I can talk a lot quicker than I can write. I always thought about using dictation to increase productivity in writing code, but so far it hasn’t really been possible. Code is highly structured text which is really hard to dictate. Try dictating this:

swaymsg -t get_outputs | jq '.[] | {name, make, rect}'

With large language models this has changed, since they take inputs mostly in the form of textual descriptions, not unstructured text. This is much quicker to say than to type out.

This idea prompted me to hack together a tool for dictation under Linux, since I couldn’t find any good existing options.

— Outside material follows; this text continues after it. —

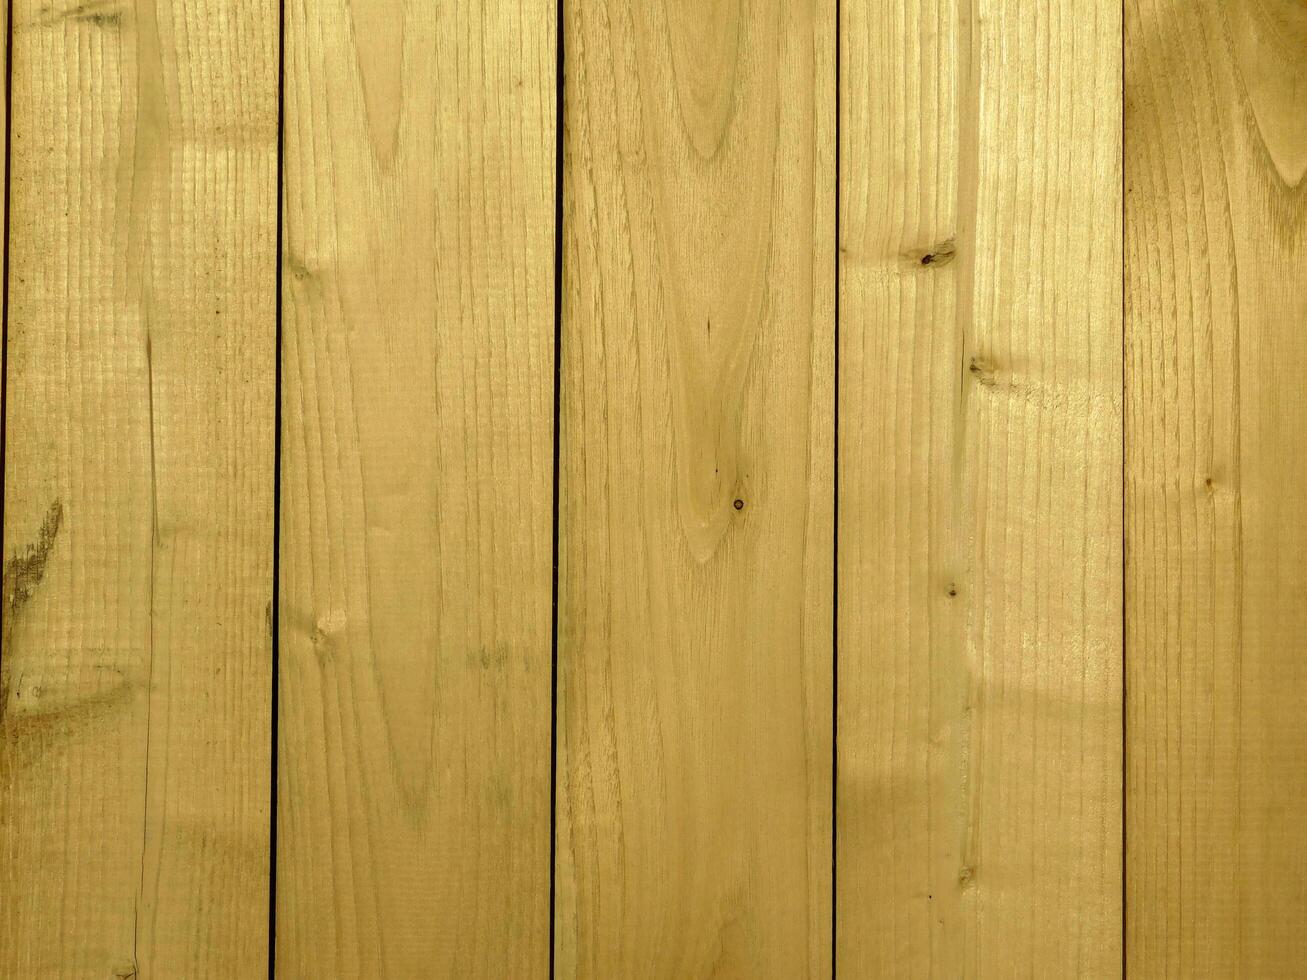 Outdoor wood texture photo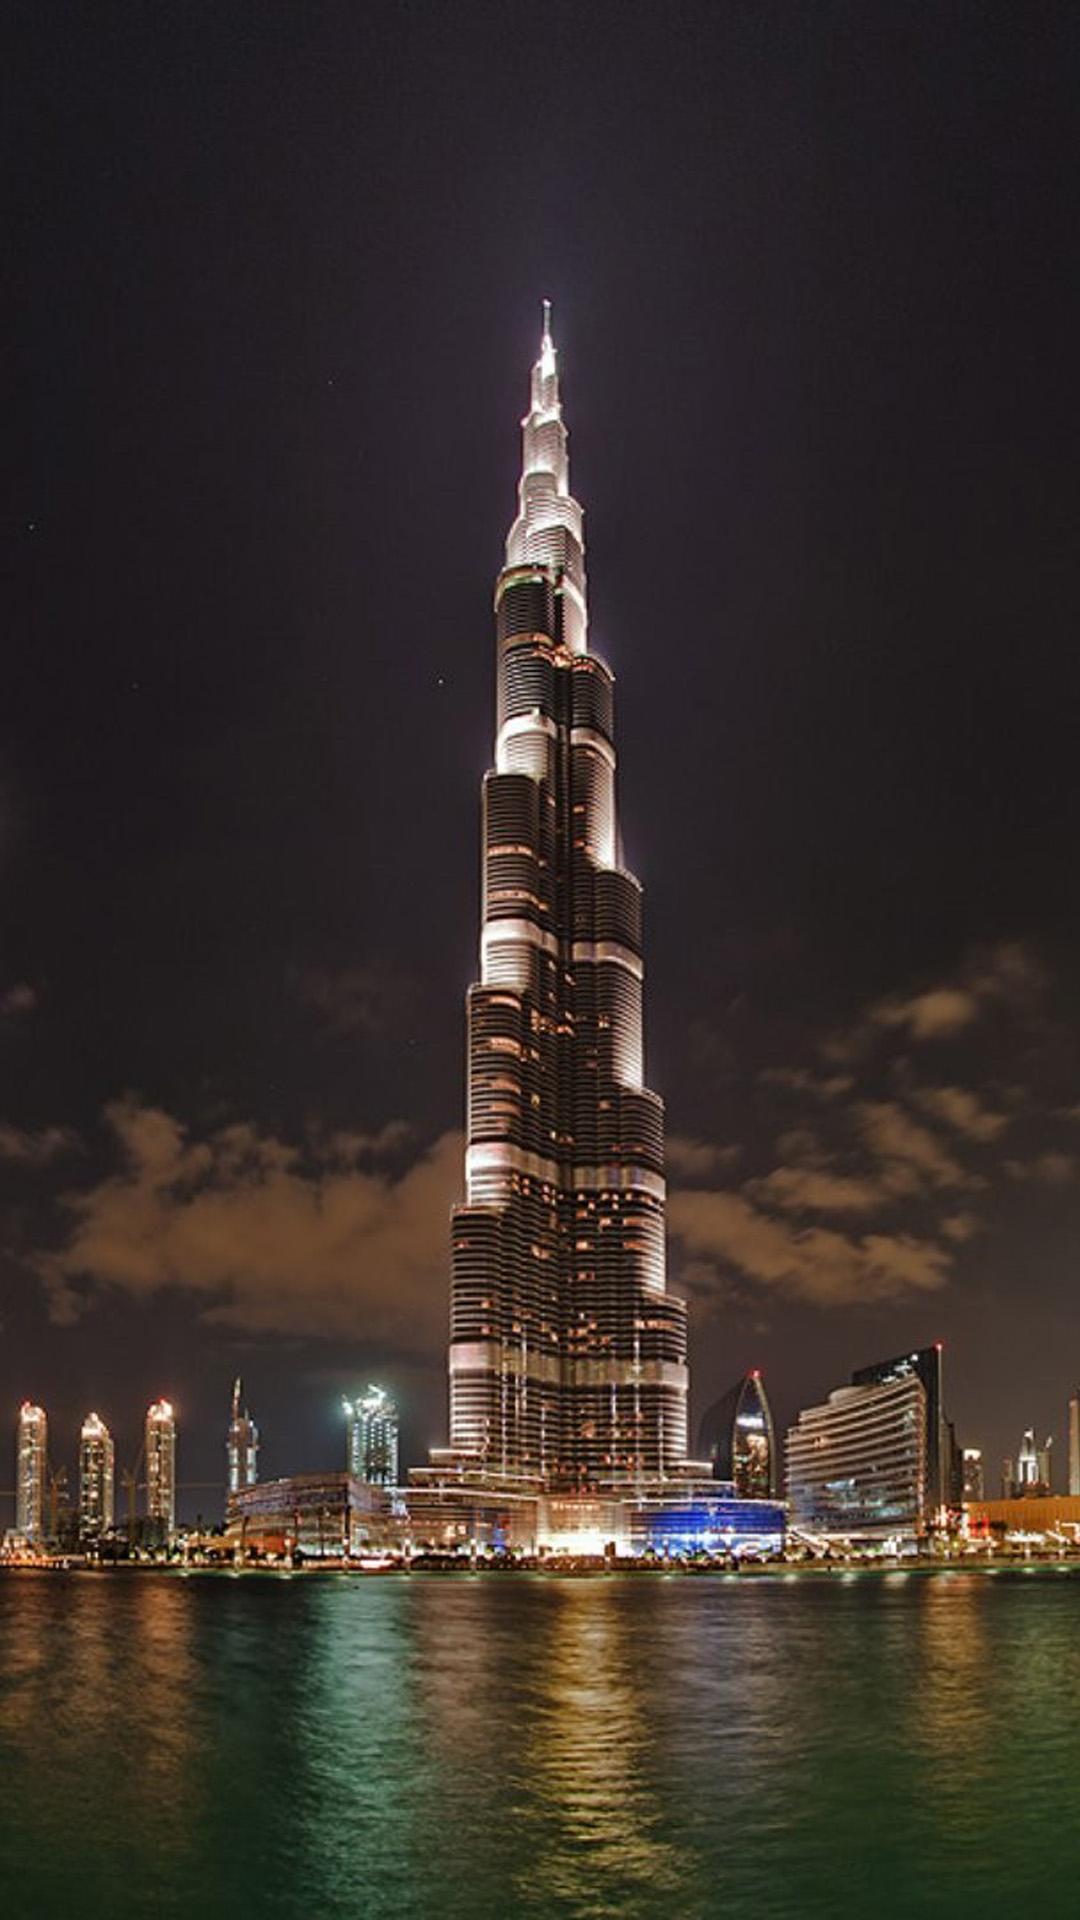 Burj Khalifa Tower At Night iPhone 8 Wallpaper Free Download

This has been made somewhat superfluous by GPT-4o, but I thought it was worth sharing nonetheless, even if it’s just to show how amazingly simple it is to put together things like this, these days.

Implementation

The architecture is very straightforward. There’s a flask app that I run at startup, which accepts a /state command telling you whether it’s currently recording or not. It also accepts /start and /end commands to start and end recordings. The /end command returns a json with a result field, containing the text which was said while recording.

There is a wrapper around that which starts recording if not already running, and stops recording otherwise. If it just stopped recording, it puts the transcribed text into my clipboard.

The text is recorded using pyaudio and transcribed using AI magic. Essentially:

import whisper
model = whisper.load_model('base.en')

# Do some plumbing to record audio in a separate thread
# ...

model = whisper.load_model('base.en')

result = model.transcribe(audio_recording_thread.get_audio())
return {'status': 'ok', 'result': result['text']}

The tricky bits were actually unrelated to AI. One thing was capturing the audio in a separate thread, so that it wouldn’t block the flask app’s worker thread. This was easily done using the threading module, no doubt because some brain-bending work done by PyAudio to evade the GIL:

import pyaudio
import threading

class AudioRecordingThread(threading.Thread):
    RATE = 16000
    CHUNKSIZE = int(RATE * 0.5)
    MAX_SECONDS = 120

    def __init__(self):
        super().__init__()
        self._stop_event = threading.Event()

    def run(self):
        def record_audio_chunk():
            data = stream.read(AudioRecordingThread.CHUNKSIZE)
            return np.frombuffer(data, dtype=np.float32)

        chunks = []
        p = pyaudio.PyAudio()
        stream = p.open(
            format=pyaudio.paFloat32,
            channels=1,
            rate=AudioRecordingThread.RATE,
            input=True,
            frames_per_buffer=AudioRecordingThread.CHUNKSIZE,
        )
        logging.info("Stared recording")
        for _ in range(int(AudioRecordingThread.MAX_SECONDS * AudioRecordingThread.RATE / AudioRecordingThread.CHUNKSIZE)):
            if self._stop_event.is_set():
                break
            chunks.append(record_audio_chunk())
        logging.info("Finished recording")

        stream.stop_stream()
        stream.close()

        self.audio = np.concatenate(chunks)

    def get_audio(self):
        return self.audio[int(AudioRecordingThread.RATE * 0.25):]

    def stop(self):
        self._stop_event.set()

A second was to play a sound when recording is started and stopped to give confirmation that the system is working. I did this using PyGame because it’s the most reliable way I know of to play sound on Linux. It pulls in lots of unneeded dependencies, but oh well.

def play_mp3(file_name, block=False):
    resource_path = os.path.abspath(
        os.path.join(
            os.path.dirname(__file__),
            '../data/sfx/',
            file_name,
        )
    )
    pygame.mixer.music.load(resource_path)
    pygame.mixer.music.play()

    if block:
        while pygame.mixer.music.get_busy():
            pygame.time.Clock().tick(10)

Repo link here.

Usefullness

It’s so fucking good. It is very useful for talking to chat GPT because I don’t need to structure my thoughts very clearly and the language model will usually deal with it just fine. With LLMs, often I get time savings if I can get the language model to find me a bit of documentation 10 seconds quicker than I could myself. If I was interacting with it using text, the time spent typing out my query would negate the benefit. This dictation tool takes the friction out of the process, which means that I get to have a lot of small time savings, which I wouldn’t otherwise have. Also asking the computer questions by voice doesn’t break flow as much as looking for information on the internet would.

I am not sure about the use in other writing. I need to think more carefully about what I want to write, which makes it feel less fluid. Also, the ease of producing lots of text gives an incentive to be less concise, which is a bad thing. But I think with practice I might see productivity gains here as well.

Of course, I cannot use this tool in an open plan office, so for now it must be confined to the realm of personal projects.